# Walk in and Wade HELP!!!



## OttoMan (Sep 8, 2011)

Alright fellas i hate to do this but I need some advice.
My buddies bday is coming up and his fiance asked me if i could take him out fishing again. (I took him last weeek to the surf and its all he's been talking about) This isn't a problem but the problem is she wants it to be a trip with me, him and three of our other good friends, I would've taken him to a couple spots i know but those are my kayak fishing areas and I can't make it there wading. I wanted to know a couple areas that could be a productive area to walk and wade if you'd be kind enough to share. I was thinking the bay side of SLP or maybe Christmas bay but I've been wading in both areas and never hooked up with anything but if I have to that's where I'll take em and we'll just hope for the best. Thanks in advance and if you dont want to post here PM me Thanks again.


----------



## Castaway2 (Aug 8, 2013)

OttoMan said:


> Alright fellas i hate to do this but I need some advice.
> My buddies bday is coming up and his fiance asked me if i could take him out fishing again. (I took him last weeek to the surf and its all he's been talking about) This isn't a problem but the problem is she wants it to be a trip with me, him and three of our other good friends, I would've taken him to a couple spots i know but those are my kayak fishing areas and I can't make it there wading. I wanted to know a couple areas that could be a productive area to walk and wade if you'd be kind enough to share. I was thinking the bay side of SLP or maybe Christmas bay but I've been wading in both areas and never hooked up with anything but if I have to that's where I'll take em and we'll just hope for the best. Thanks in advance and if you dont want to post here PM me Thanks again.

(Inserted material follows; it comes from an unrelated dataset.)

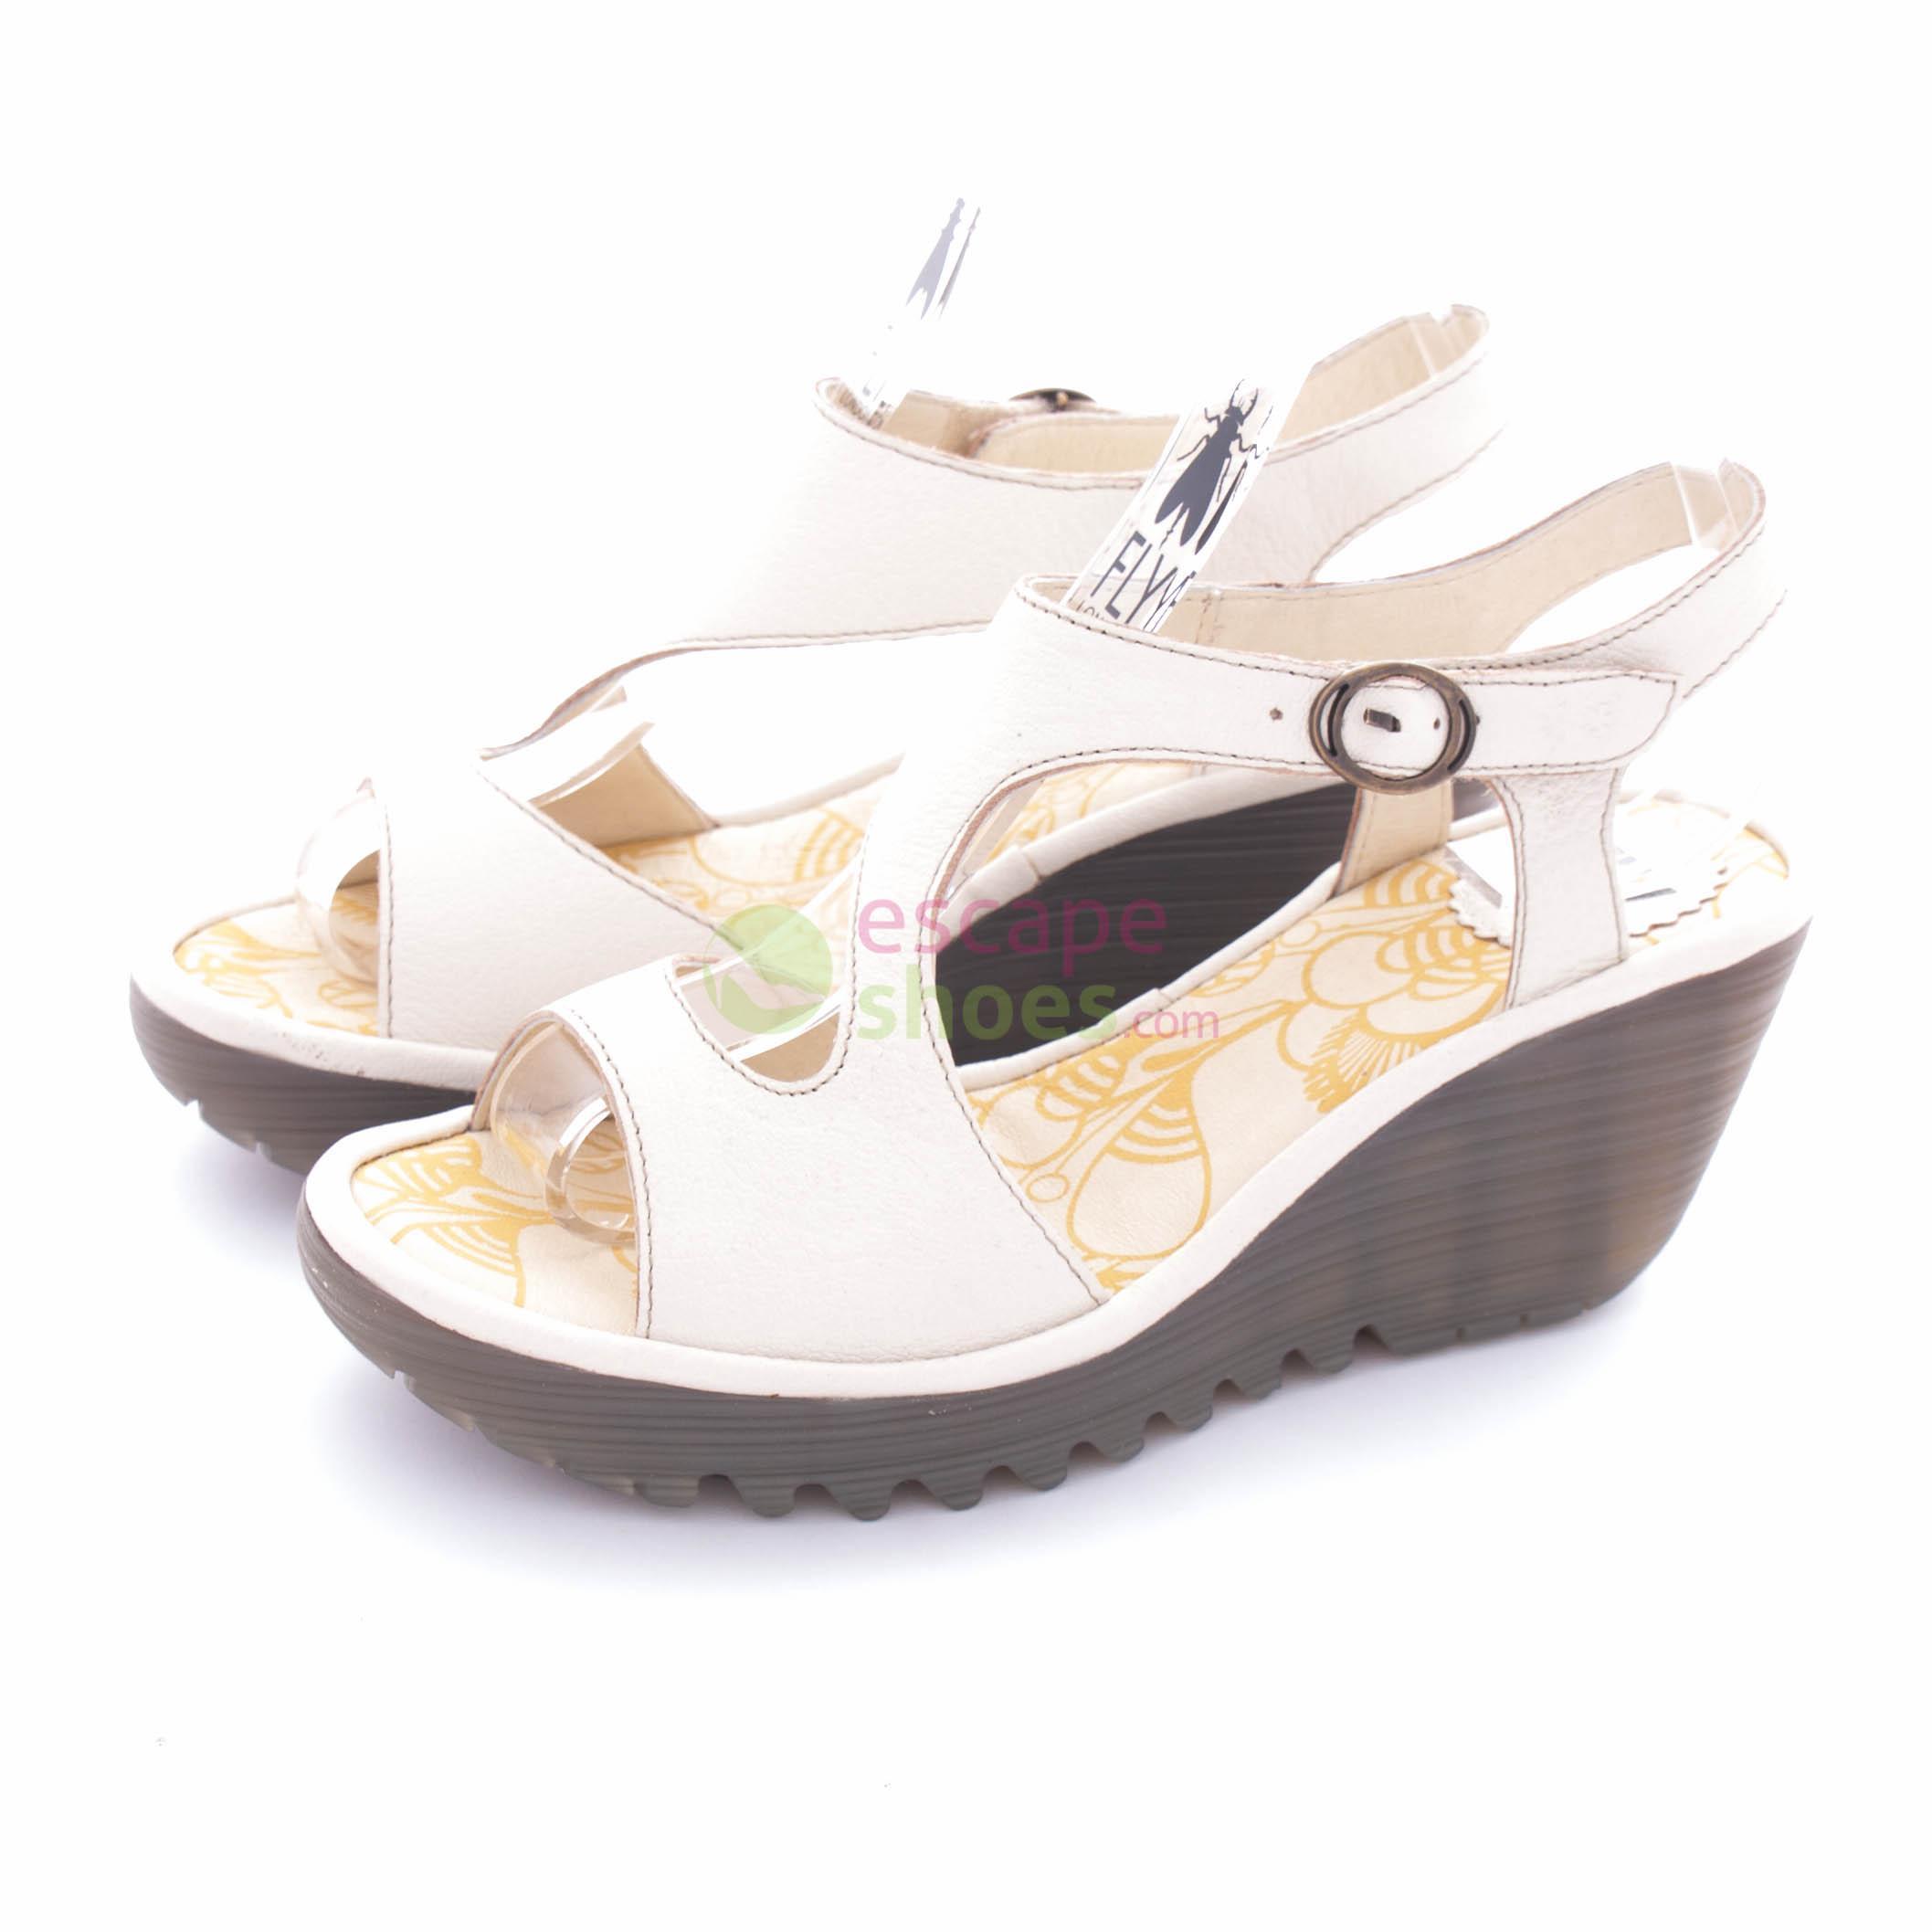 0694a9c18e939 Sandals FLY LONDON Yellow Yanca White P500569002 - EscapeShoes
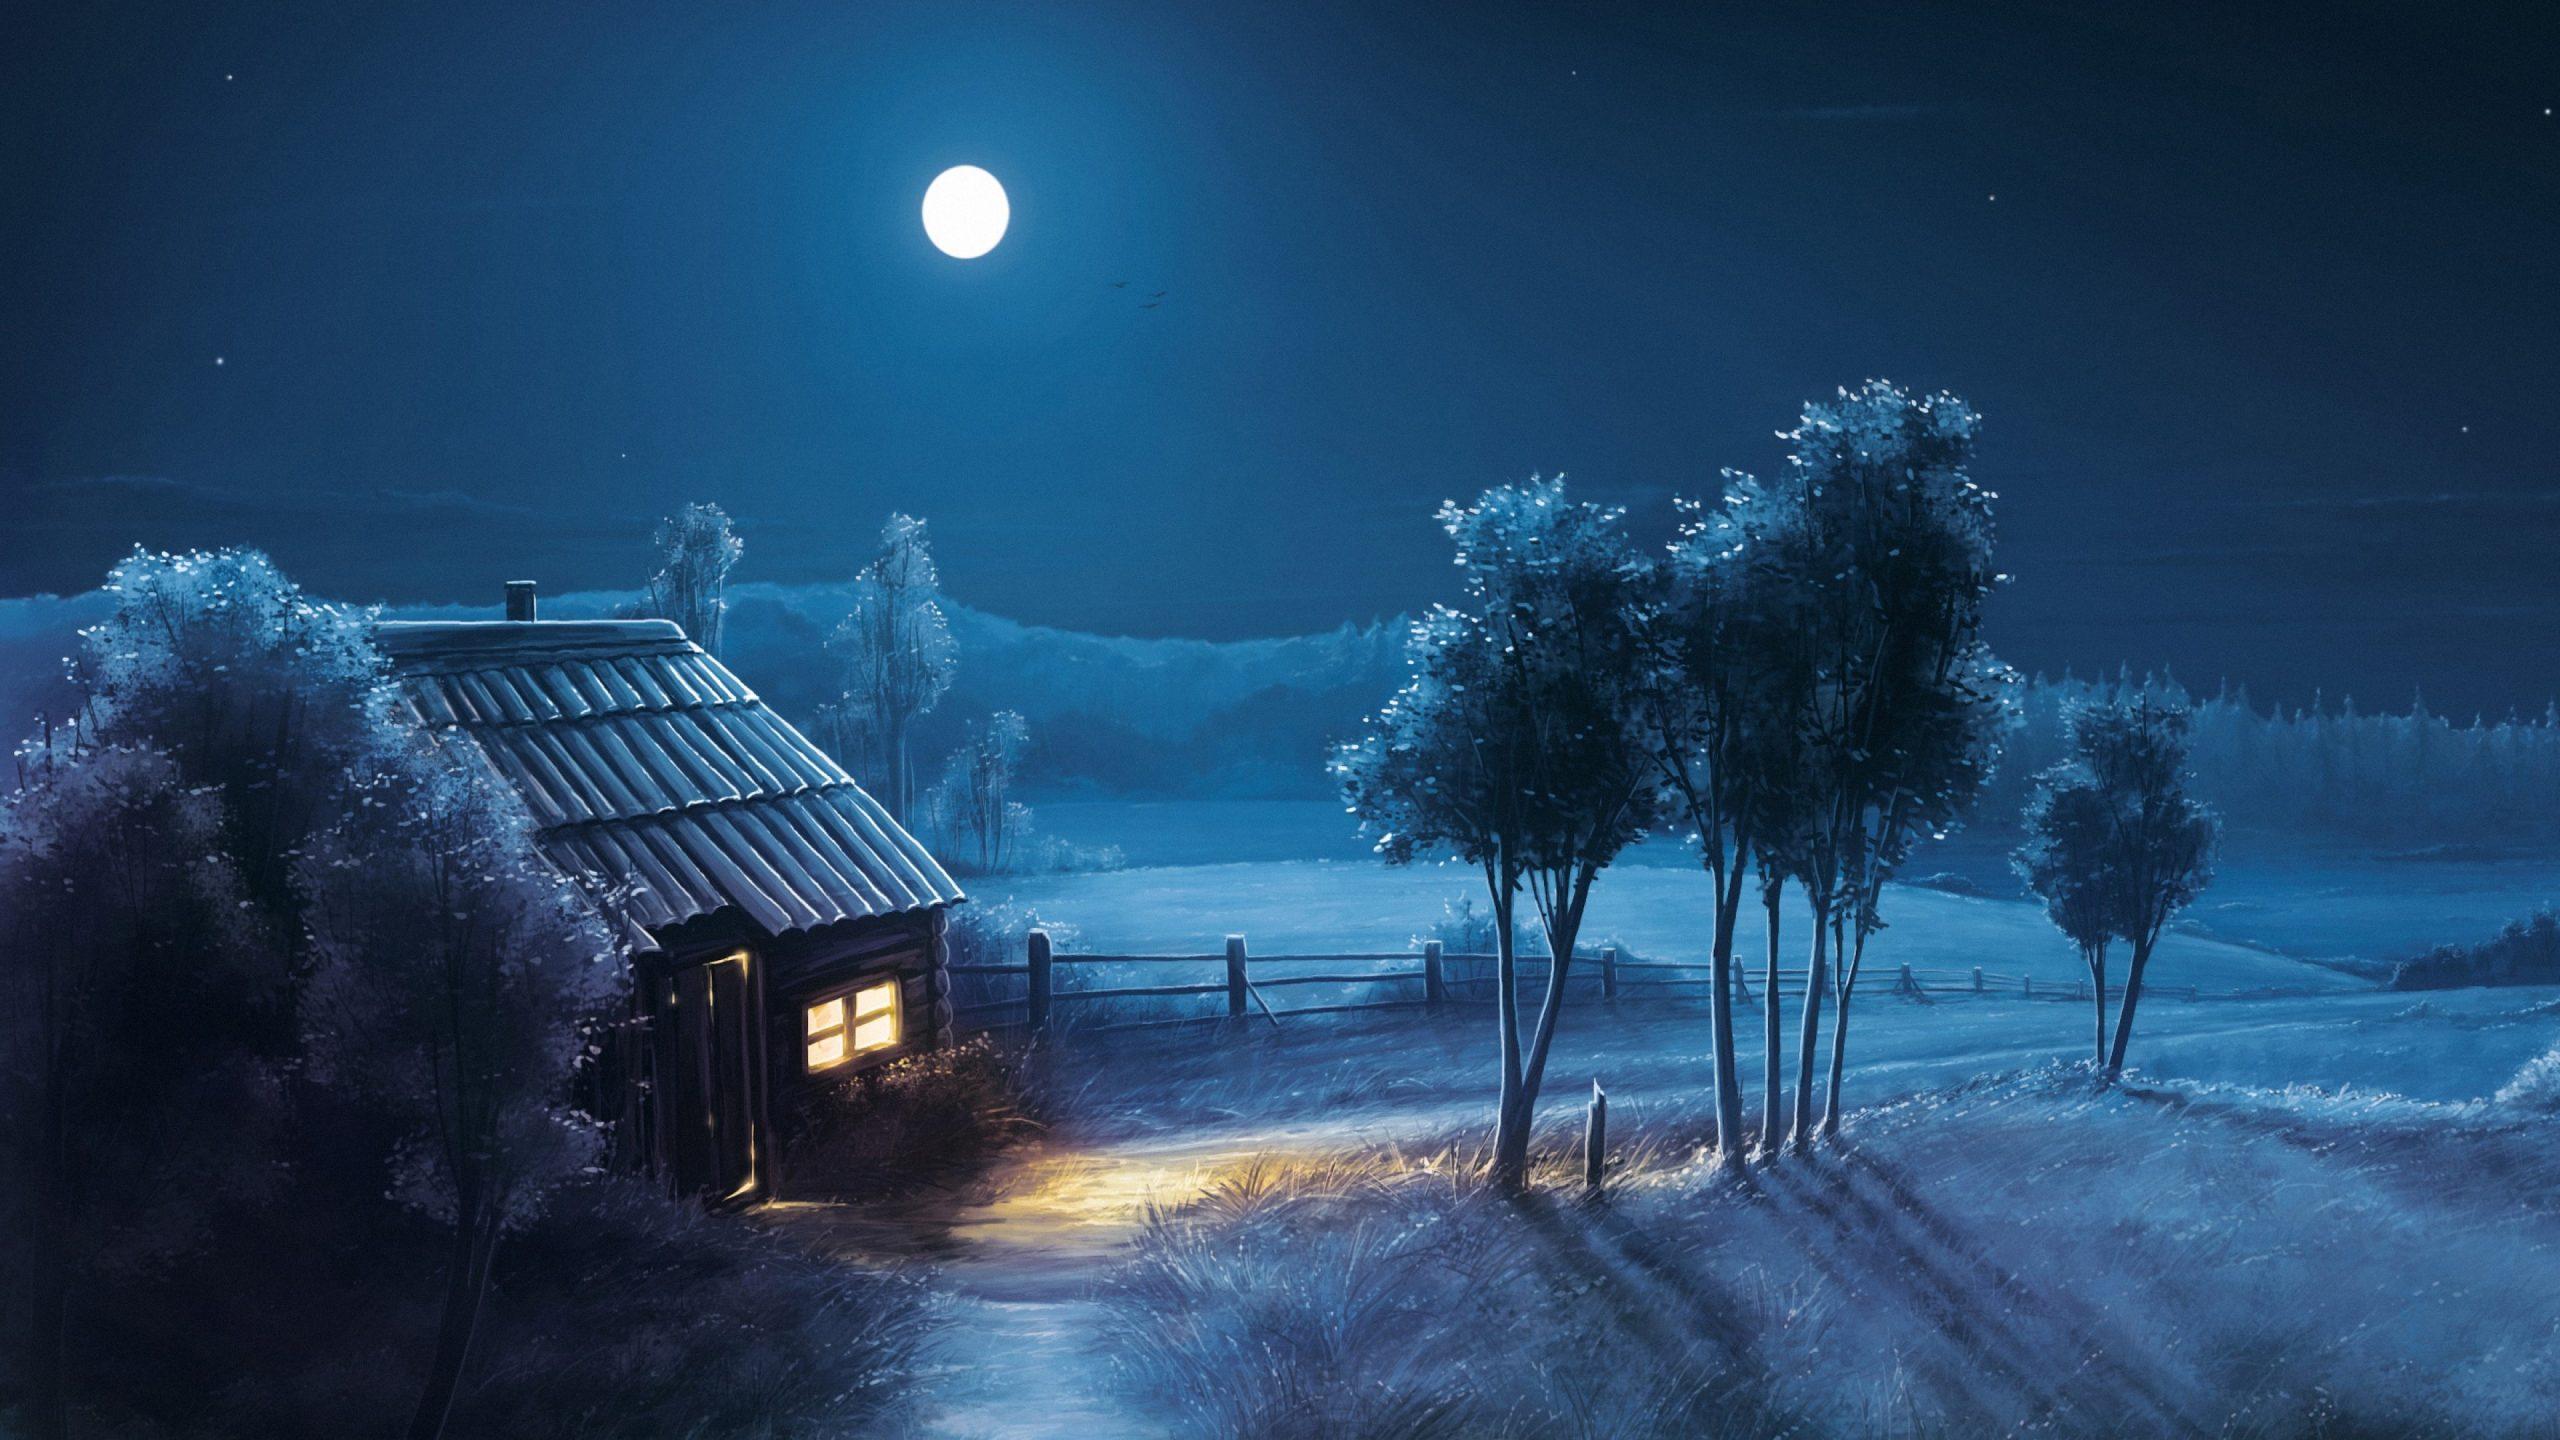 Art Moon Blue Night Trees Hause 4K Wallpaper

if all he has been talking about is that surf trip... I say go back to the surf.. you can always at least get the hard heads and whiting to bite there


----------



## OttoMan (Sep 8, 2011)

That is true but if the surf is rough it's not fun to get beat up by the waves. 
He has been asking to go out on a kayak trip and that'll happen soon but this trip since it's more people that yaks i'll have to do a wade and i think calm water will be easier.


----------



## artys_only (Mar 29, 2005)

Try the Galveston side of SLP
Park on the east side and wade to the east nice shell mixed with sand , easy wading , SW wind is the only one that really hurts you . Good luck .


----------



## Sm0key_Joe (Jul 19, 2015)

I was out at Christmas bay today and walked away with a keeper trout right before the sun went down. I had live and dead shrimp. Dead shrimp will give you action but i made the keeper catch off live under the popping cork. Also saw a couple guys kayaking come in when I did. One came in with a red about 24".

They're there.


----------



## texharp (Jul 5, 2015)

Agreed with Smokey Joe. Caught a few keeper trouts on Tuesday afternoon just before sunset in Christmas bay on live shrimp and popping cork. 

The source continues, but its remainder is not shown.